Our next step is to check whether GDI is satisfactory when discussing the most important type of semantic information, namely factual information. Before addressing this issue, however, we need to pause and look at the mathematical theory of communication (MTC).
MTC is not the only successful mathematical approach to the concept of information. Fisher information (Frieden [2004]) and the algorithmic information theory (Chaitin [1987]) provide two other important examples. However, MTC is certainly the most widely known among philosophers. As such, it has had a profound impact on philosophical analyses of semantic information, to which it has provided both the technical vocabulary and at least the initial conceptual frame of reference. One needs to grasp its main gist if one wishes to make sense of the issuing philosophical debate.
2. Information as data communication
Some features of information are intuitive. We are used to information being encoded, transmitted and stored. One also expects it to be additive (information \(a +\) information \(b =\) information \(a + b)\) and non-negative, like other things in life, such as probabilities and interest rates. If you ask a question, the worst scenario is that you receive no answer or a wrong answer, which will leave you with zero new information.
Similar properties of information are quantifiable. They are investigated by the mathematical theory of communication (MTC) with the primary aim of devising efficient ways of encoding and transferring data.

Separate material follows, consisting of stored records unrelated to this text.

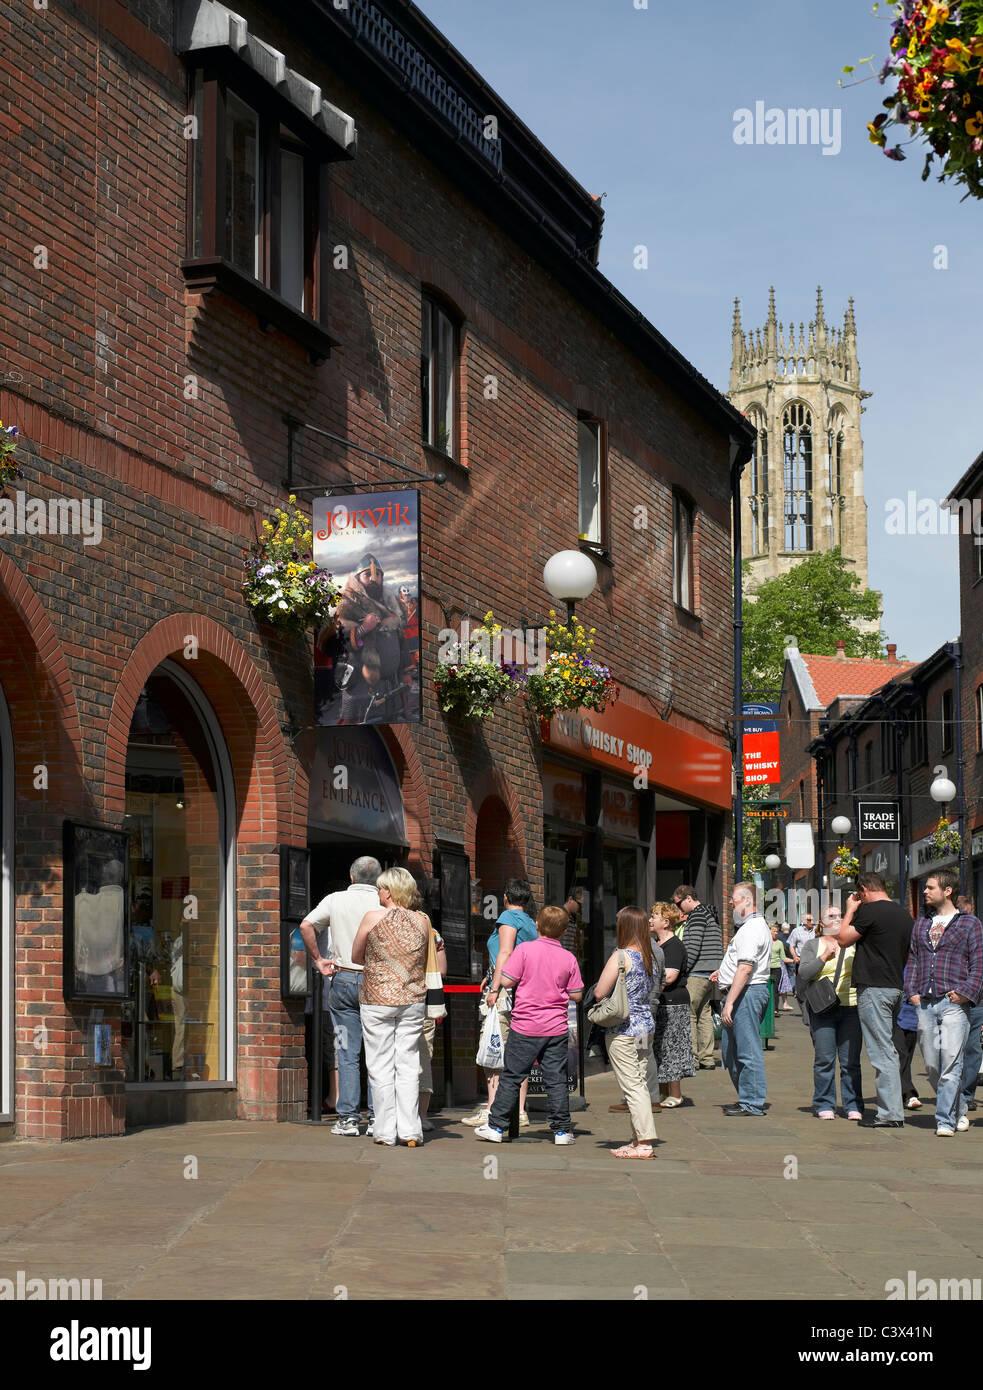 Jorvik Viking Centre Coppergate and All Saints Church in background York North Yorkshire England UK United Kingdom - Stock Image
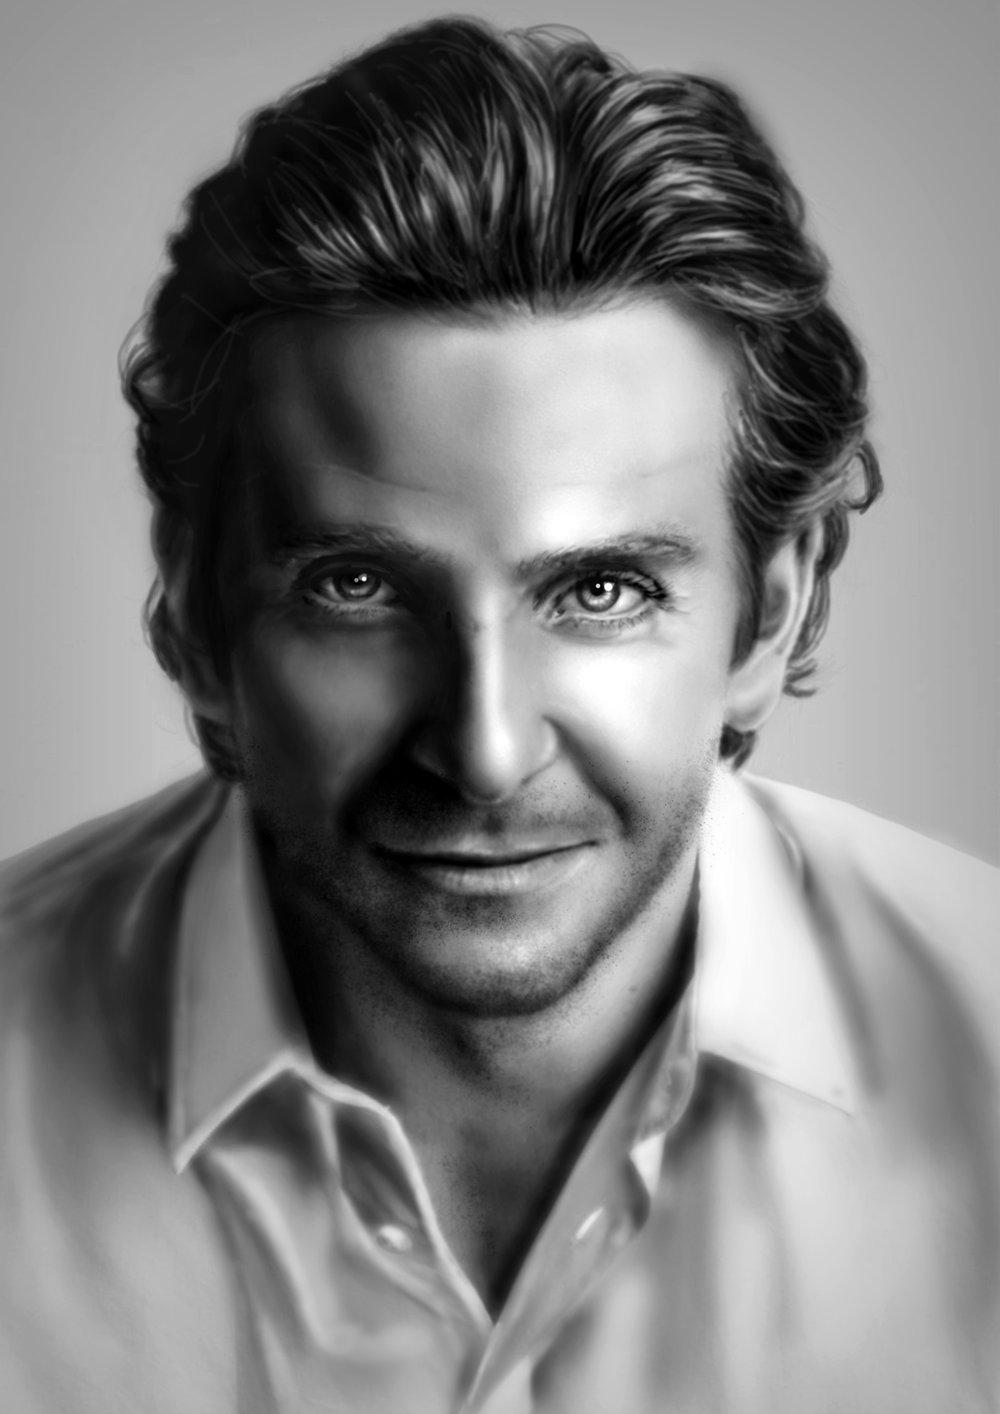 Bradley cooper portrait no logo jpg
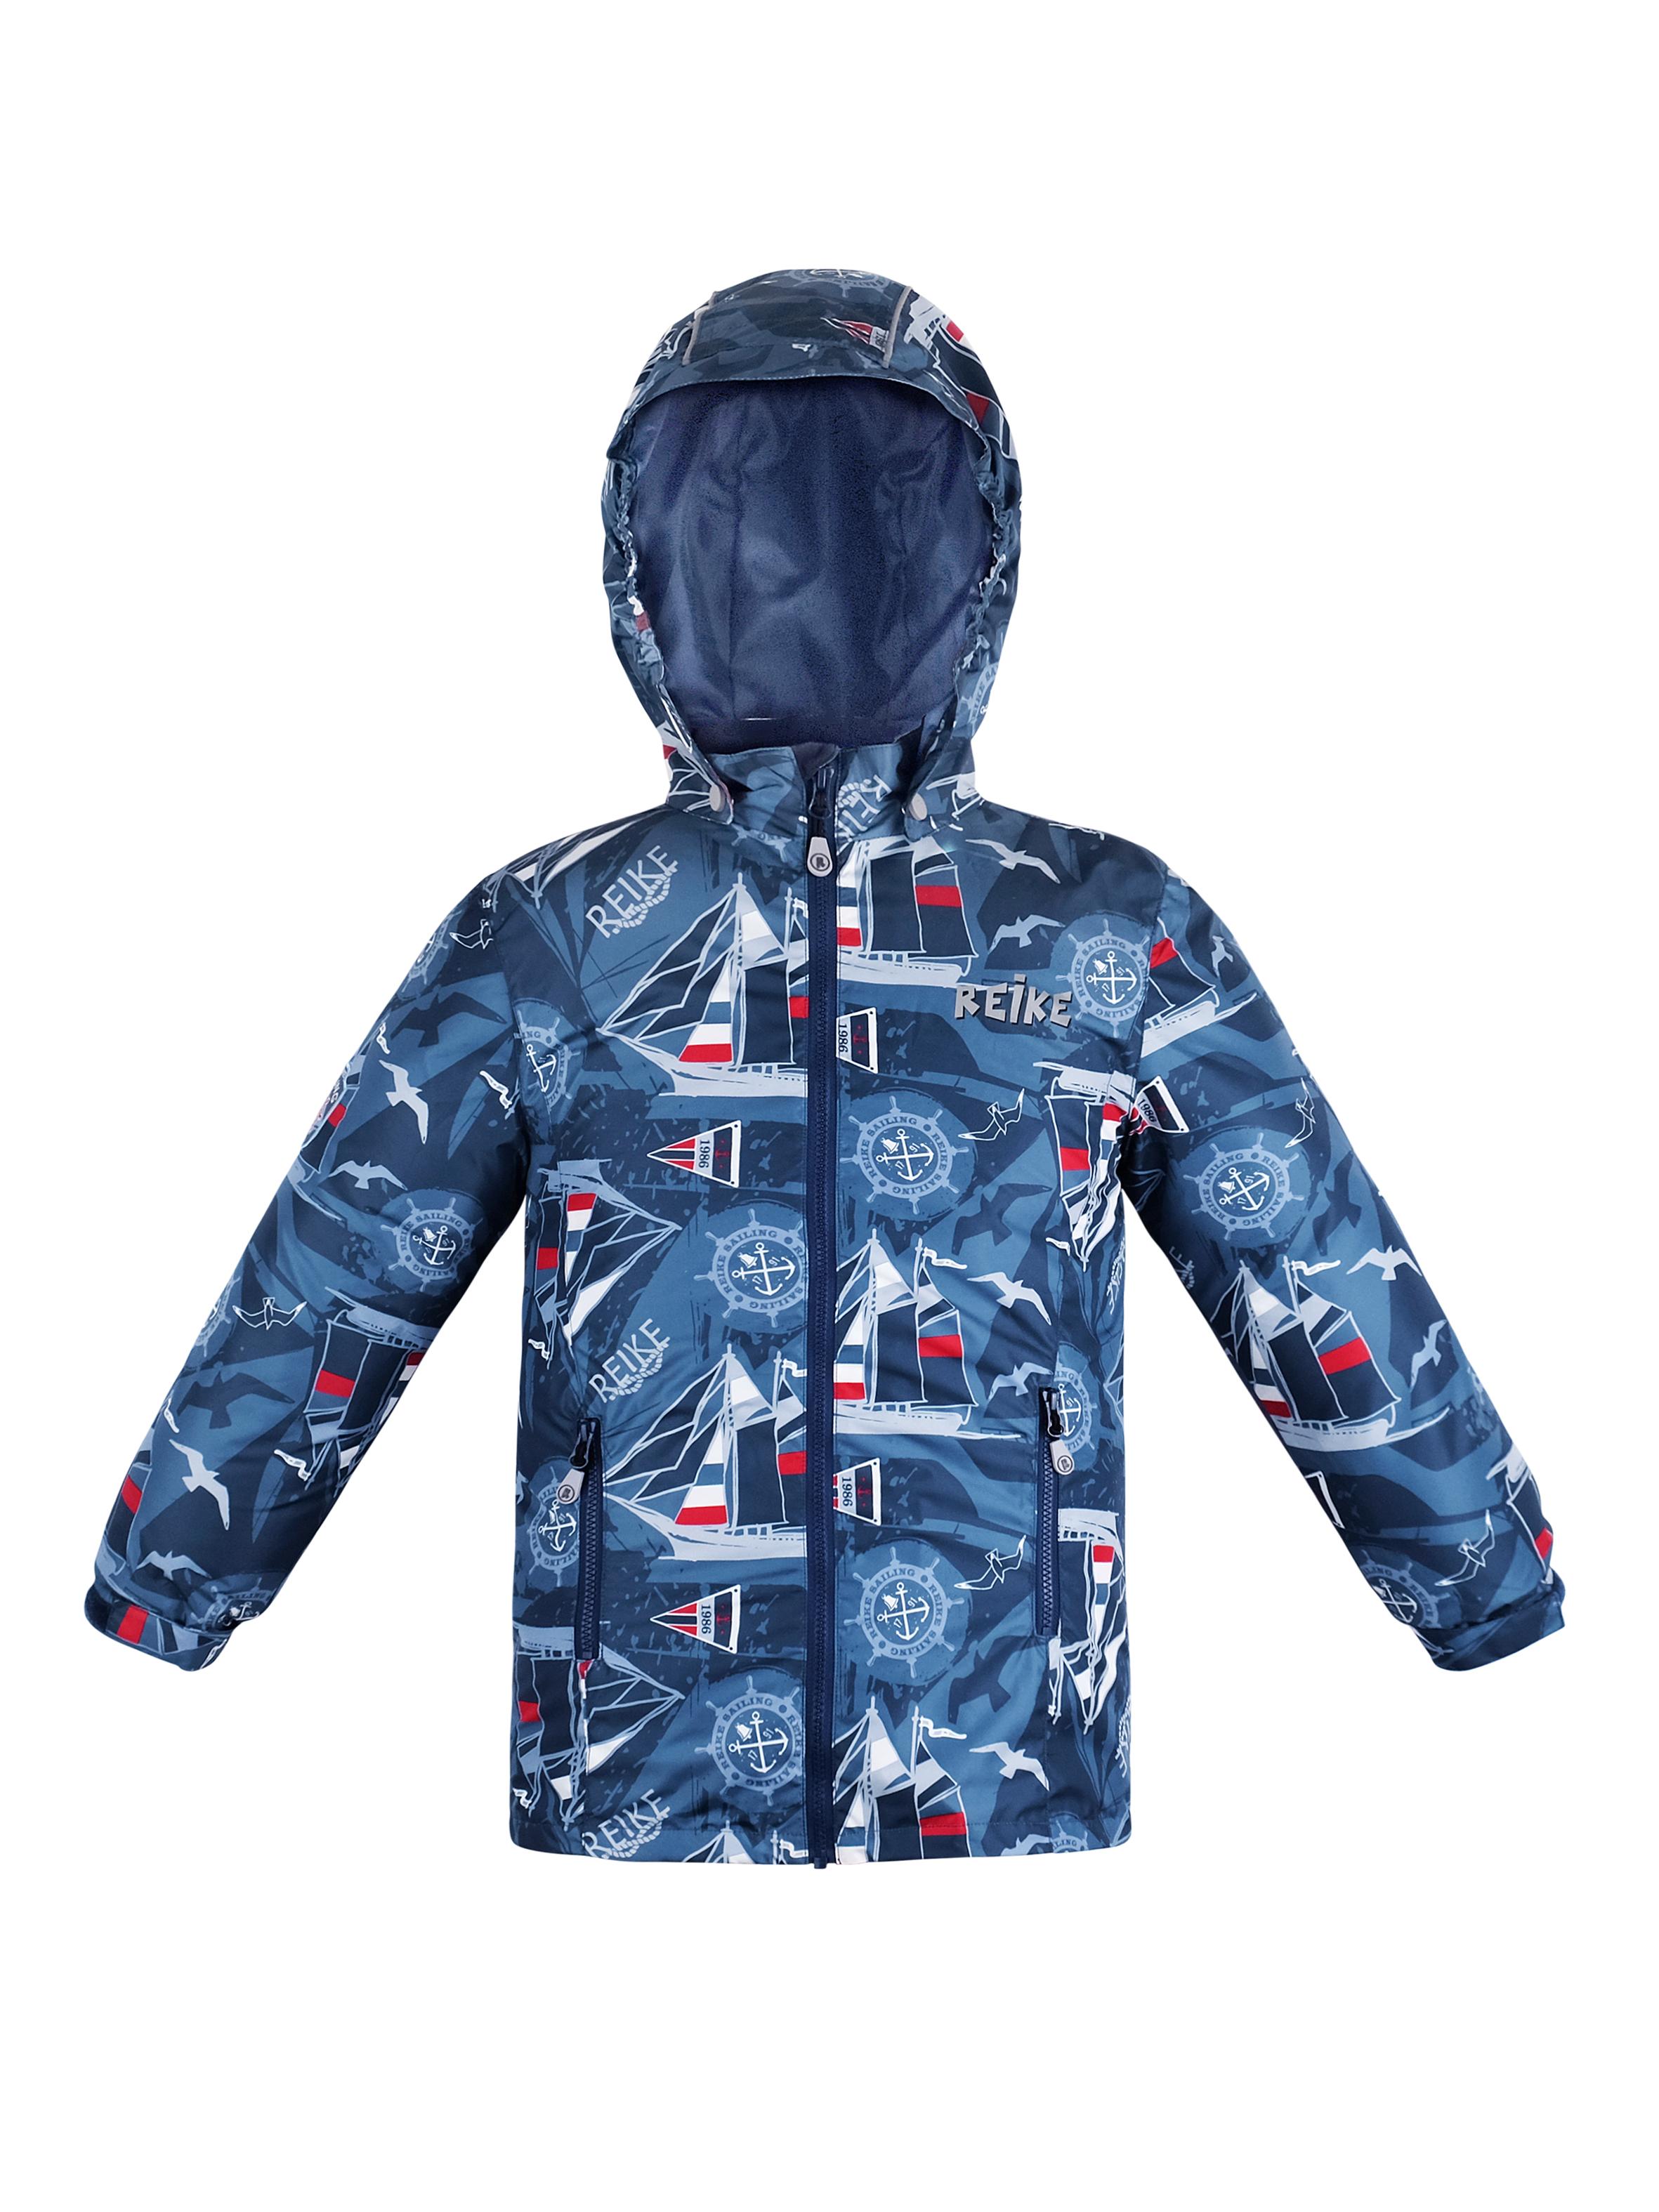 Куртка для мальчика Reike Sailing blue р.146

The name for this branch of probability theory comes from Shannon’s seminal work (Shannon and Weaver [1949]). Shannon pioneered this field and obtained many of its principal results, but he acknowledged the importance of previous work done by other researchers and colleagues at Bell laboratories, most notably Nyquist and Hartley (see Cherry [1978] and Mabon [1975]). After Shannon, MTC became known as information theory, an appealing but unfortunate label, which continues to cause endless misunderstandings. Shannon came to regret its widespread popularity, and we shall avoid using it in this context.
This second part of the article outlines some of the key ideas behind MTC, with the aim of understanding the relation between MTC and some philosophical theories of semantic information. The reader with no taste for mathematical formulae may wish to go directly to section 2.2, where some conceptual implications of MTC are outlined. The reader interested in knowing more may start by reading Weaver [1949], Pierce [1980], Shannon and Weaver [1949 rep. 1998], then Jones [1979], and finally Cover and Thomas [1991]. The latter two are technical texts. Floridi [2010] provides a brief and simplified analysis oriented to philosophy students.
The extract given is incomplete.